Двойной круг света глаз (или глаз света) расширяется по мере продвижения по мистическому пути. Выше (IV, 6) уже говорилось о семи категориях бытия и о семи Небесах, имеющих свои аналогии во внутреннем мире мистика. Расширение световых орбит соотносится с внутренним восхождением по этим семи пластам, каждый из которых порождается соответствующей «буквой» каждого Неба и, согласно учению Семнани (см. ниже, VI), превращается в латифа, тонкие физиологические органы светового человека. Даже учитывая все различия, есть нечто общее между кругами, о которых говорит Наджм Кобра, и другими видениями или диаграммами в форме круга (у Халладжа, у друзов), не говоря уже о функциональной аналогии между латифа у Семнани и чакрами, которые в буддизме махаяны являются центрами сознания и органами сверхчувственного восприятия.
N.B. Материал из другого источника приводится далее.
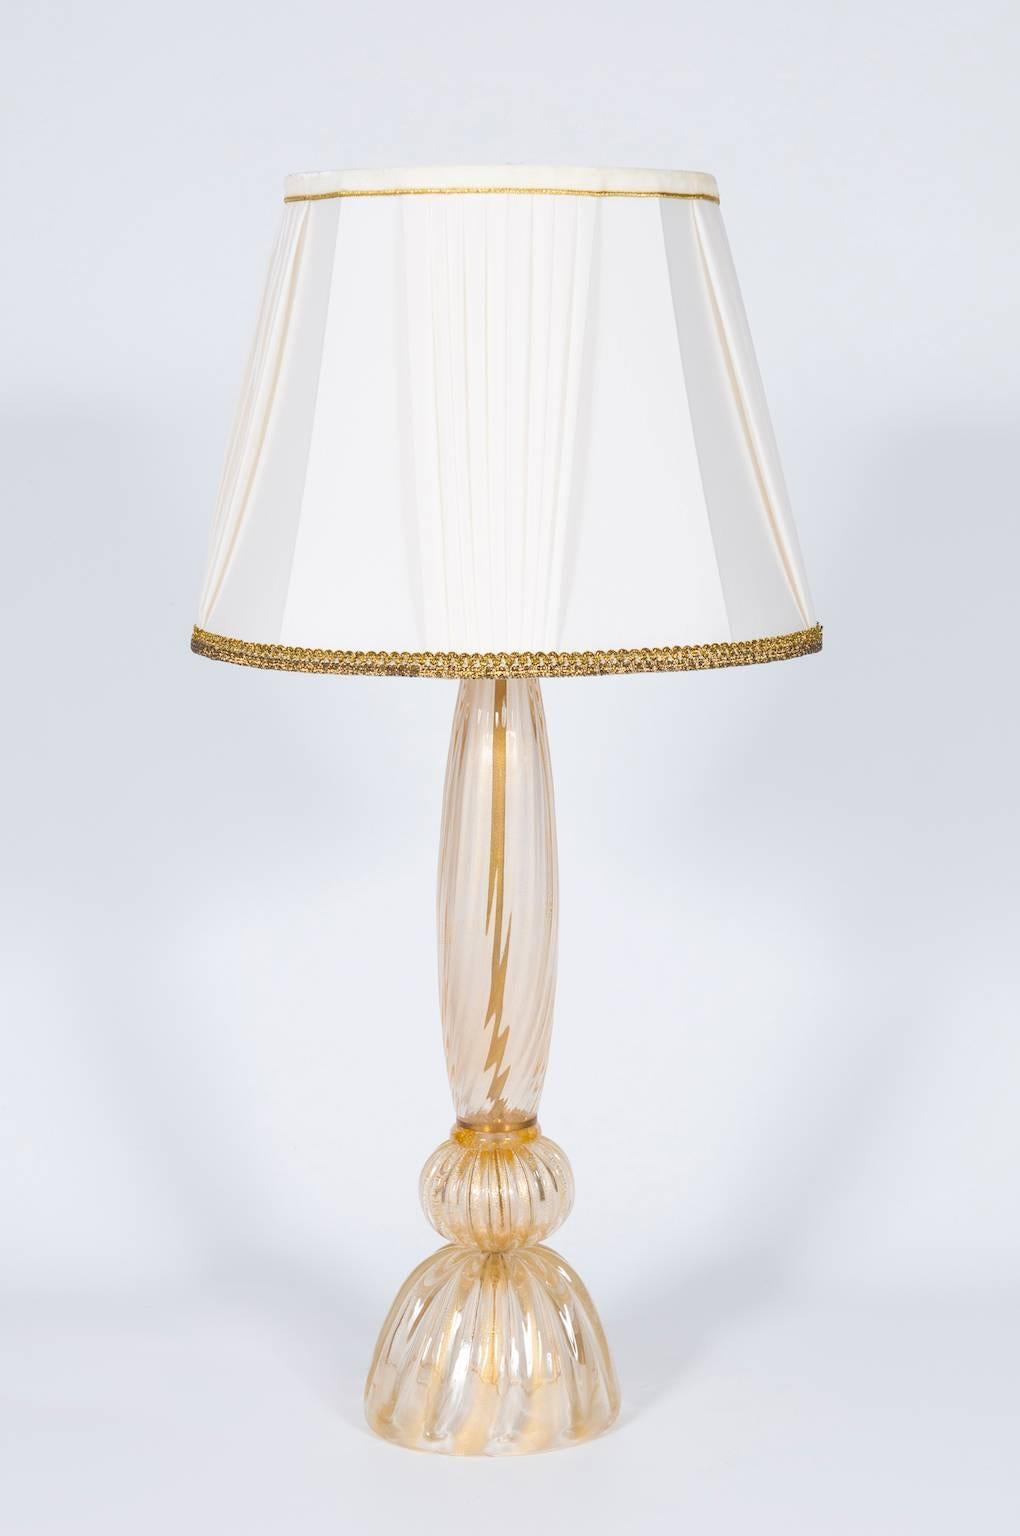 Handgefertigte goldene italienische Tischlampe aus Muranoglas, bestehend aus einer goldgestreiften Basis mit einer Kugel darüber und einem goldgestreiften Stiel, mit einem Licht darüber. Die Tischlampe ist in sehr gutem Originalzustand, hergestellt
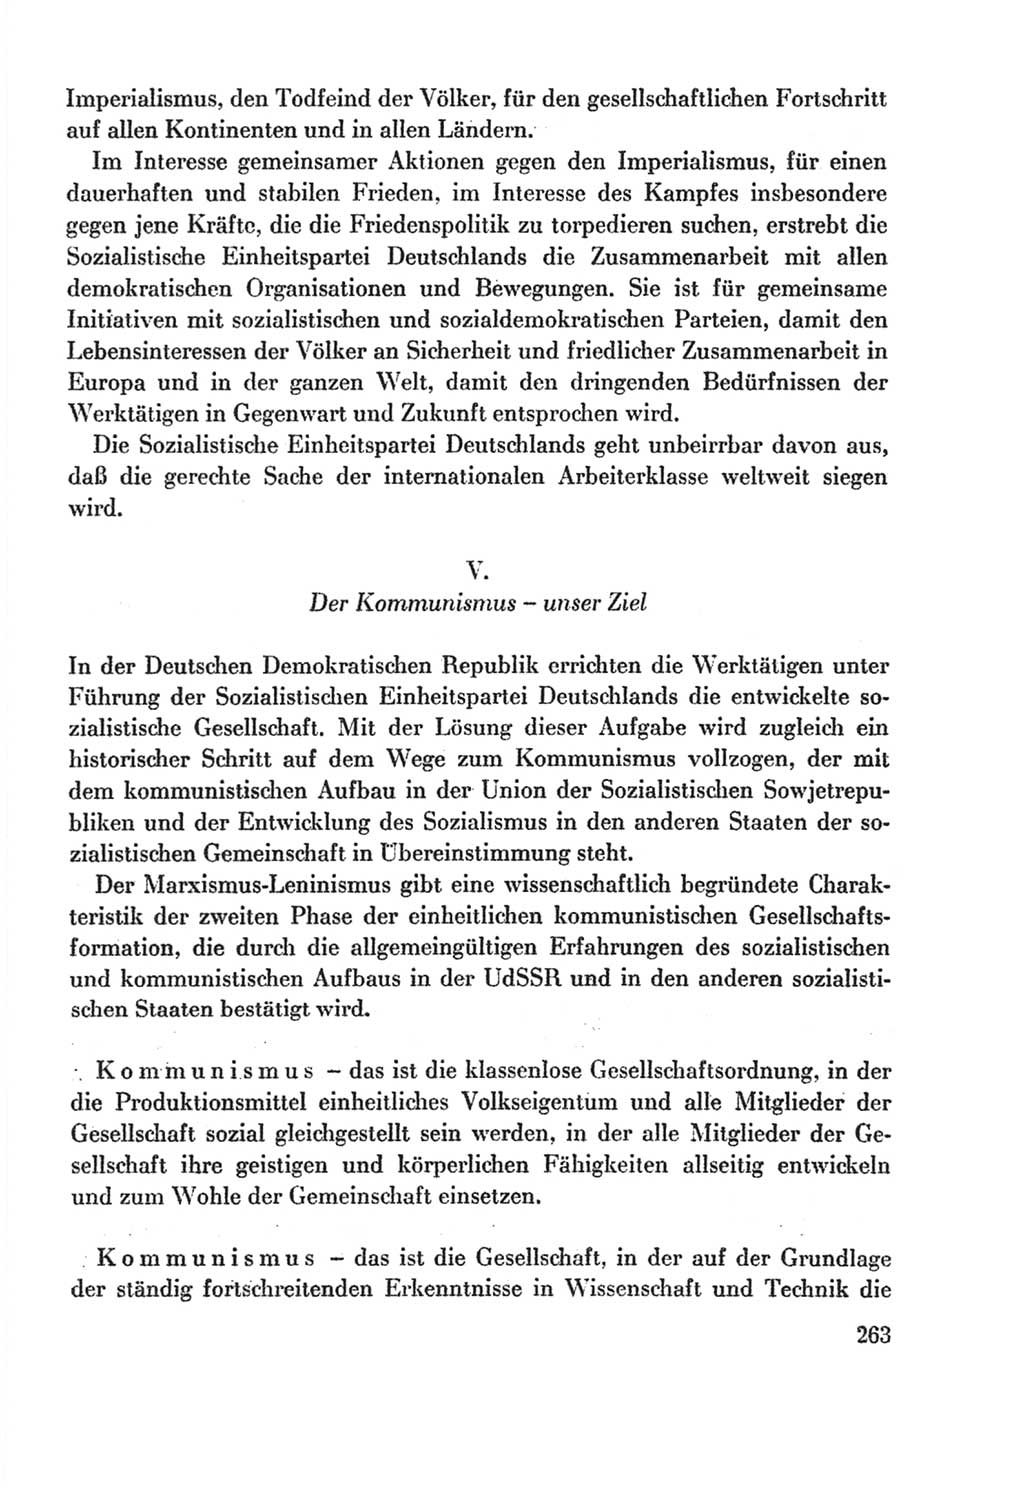 Protokoll der Verhandlungen des Ⅸ. Parteitages der Sozialistischen Einheitspartei Deutschlands (SED) [Deutsche Demokratische Republik (DDR)] 1976, Band 2, Seite 263 (Prot. Verh. Ⅸ. PT SED DDR 1976, Bd. 2, S. 263)

«Когда тот или иной край внутреннего Неба постепенно проясняется, цвет этого Неба и его величина по отношению к Небу предыдущему становятся явственными для мистика, и так до тех пор, пока круг небесный не совпадёт с кругом его лица» (№ 115). «Случается также, что когда душевная тоска сменяется ликованием, страх уступает место уверенности, а оцепенение — пылкому желанию, то все световые круги лица являются разом, и тогда мистику мнится, будто видит он перед собой Божественный Лик, окружённый пламенеющими ореолами, как бы поющими Ему славословия. И тогда он, полностью погружённый в этот свет, невольно восклицает: «Слава мне! Слава мне! Сколь высока участь моя!»[90]9. А придя в себя, повторяет это восклицание в третьем лице: «Слава ему! Слава ему! Сколь высока участь его!» (№ 115).
9. «Свидетель в Небе»
Здесь мы касаемся сокровенной тайны мистического опыта, ключевого события, уже возвещённого «смарагдовым видением». Чередование первого и третьего лица и замещение одного из них другим знаменует всё тот же парадокс Порождаемого – Порождающего, Созерцаемого – Созерцающего, который сквозил в теме Совершенной Природы как высшее выражение индивидуального духовного посвящения. Только в одной этой взаимоуподобляемости можно хотя бы мельком разглядеть черты Высочайшего Лика: светового лика, являющегося и твоим подлинным лицом, ибо ты — лишь частица Его света. Упорствующий в страстном мистическом порыве не опирается на коллективный опыт, который якобы можно поровну разделить на всех и каждого, сделать всеобщим достоянием, из которого каждый вправе потребовать свою долю. Нет, мистический опыт — это нечто единственное в своём роде, глубоко личное, непередаваемое, поскольку этот опыт есть подобие любовных уз. Он — не сыновство, а супружество.